= 1G =

First-generation mobile telecommunications standard

1G (first generation) refers to the analog mobile telecommunications standards introduced in the late 1970s. The term was later applied retroactively to distinguish these early cellular network systems from later digital generations.

== History ==
The first commercial cellular network was launched by Nippon Telegraph and Telephone (NTT) in Japan in 1979, initially covering Tokyo. Within five years it expanded nationwide and became the world’s first full-scale cellular system.
Earlier, Bell Laboratories tested a network around Chicago in 1978.

The Nordic countries jointly developed the Nordic Mobile Telephone (NMT) standard, first deployed in Sweden in 1981. NMT introduced international roaming, a feature later adopted by other systems.
In 1983, Ameritech launched the first 1G network in the United States using the Advanced Mobile Phone System (AMPS) and the Motorola DynaTAC handset.
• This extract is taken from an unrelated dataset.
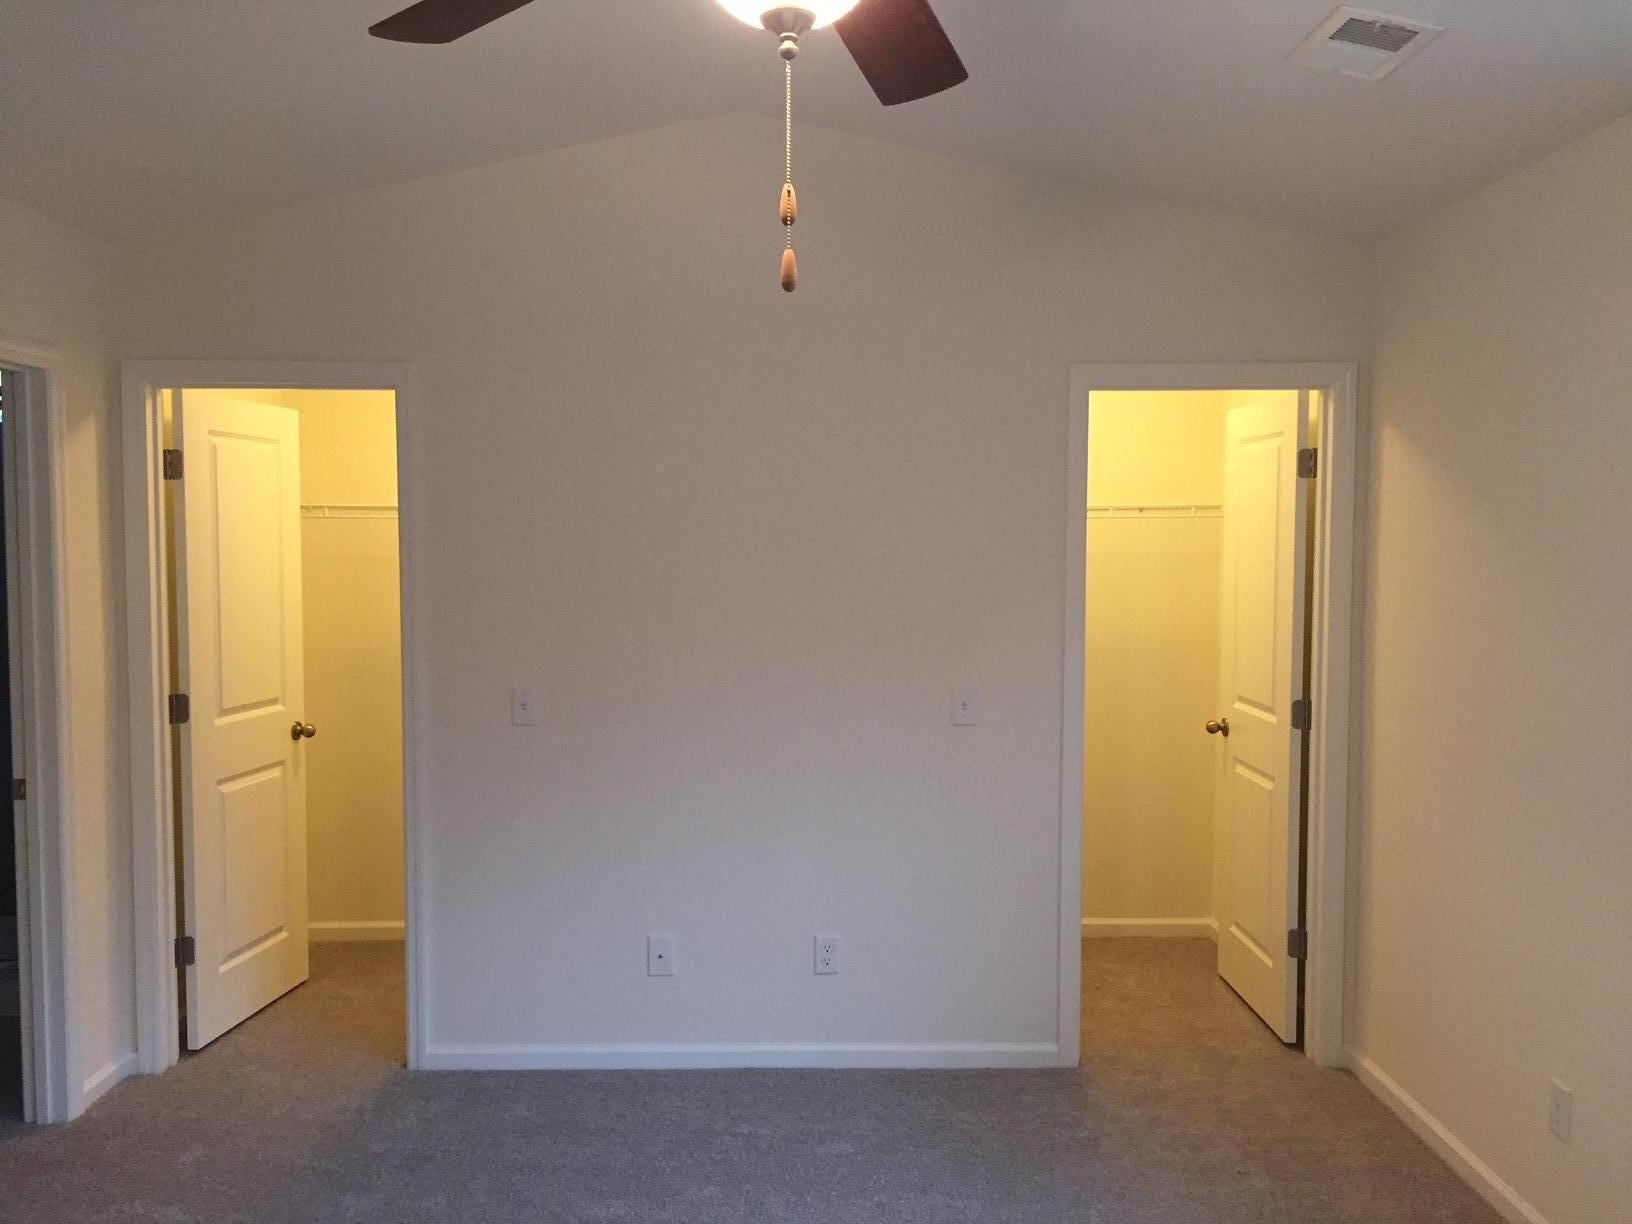 Riverland Place Homes For Sale - 274 Stefan, Charleston, SC - 15
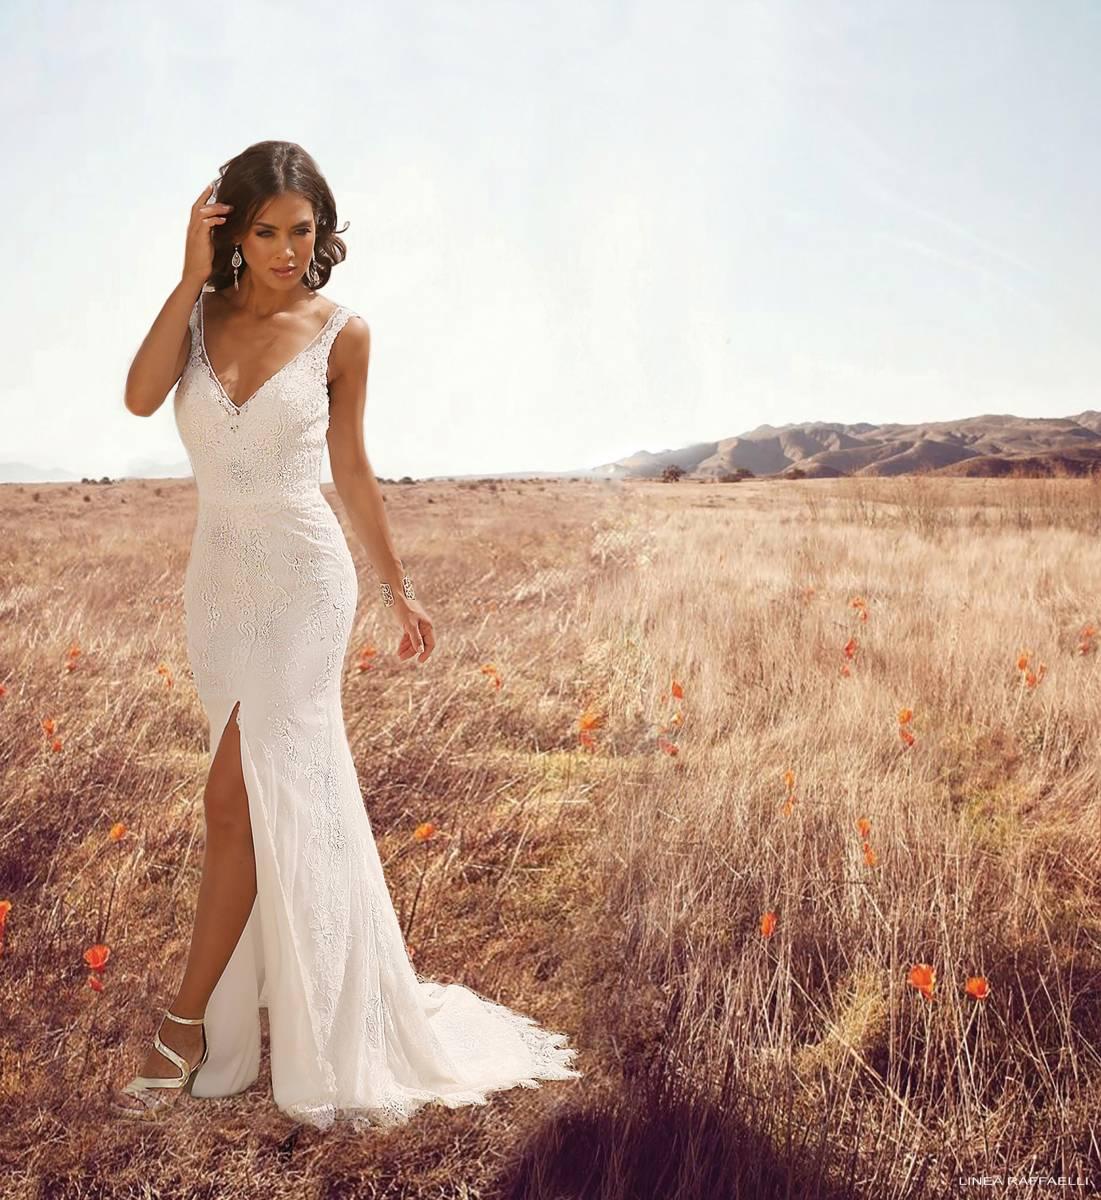 Cermo Concept - Bruidsmode winkel - Trouwjurk - Kostuum - House of Weddings - 1

By the mid-1980s, 1G networks operated across most of Europe, Asia, and the Middle East. Adoption varied: Western Europe and North America expanded rapidly, while Eastern Europe and parts of Africa adopted the technology later due to economic and political limits.

== Technology ==
1G introduced the cellular network concept which divided service areas into cells, each served by a low-power transmitter, enabled frequency reuse and higher capacity.
Although some parts of the network backbone used digital signaling, voice transmission between handset and base station remained analog, typically using frequency modulation similar to land mobile radio systems.

== Standards ==
Analog cellular standards of the 1G era included:

- Advanced Mobile Phone System (AMPS) – United States and other regions
- Nordic Mobile Telephone (NMT) – Nordic countries and parts of Eastern Europe
- Total Access Communication System (TACS) – United Kingdom and other regions
- C-450 – West Germany, Portugal, and South Africa
- Radiocom 2000 – France, operated by France Télécom
- RTMI – Italy
- MCS-L1 and MCS-L2 – Japan, developed by NTT
- JTACS – Japan, a variant of TACS operated by DDI

== Transition to 2G ==
By the early 1990s, analog 1G systems were replaced by digital GSM and cdmaOne networks, which offered higher capacity, encryption, and text messaging.
Most 1G networks were decommissioned by the early 2000s, though some persisted longer in remote or developing regions. The last known operational 1G service, in Russia, closed in 2017.

== See also ==
- List of mobile phone generations
- 2G
- 3G
- 4G
- 4G LTE
- 5G
- 6G
- 6G Melda (Melda is referred to a modern ITU as an advanced Cellular bandwidth than 6G)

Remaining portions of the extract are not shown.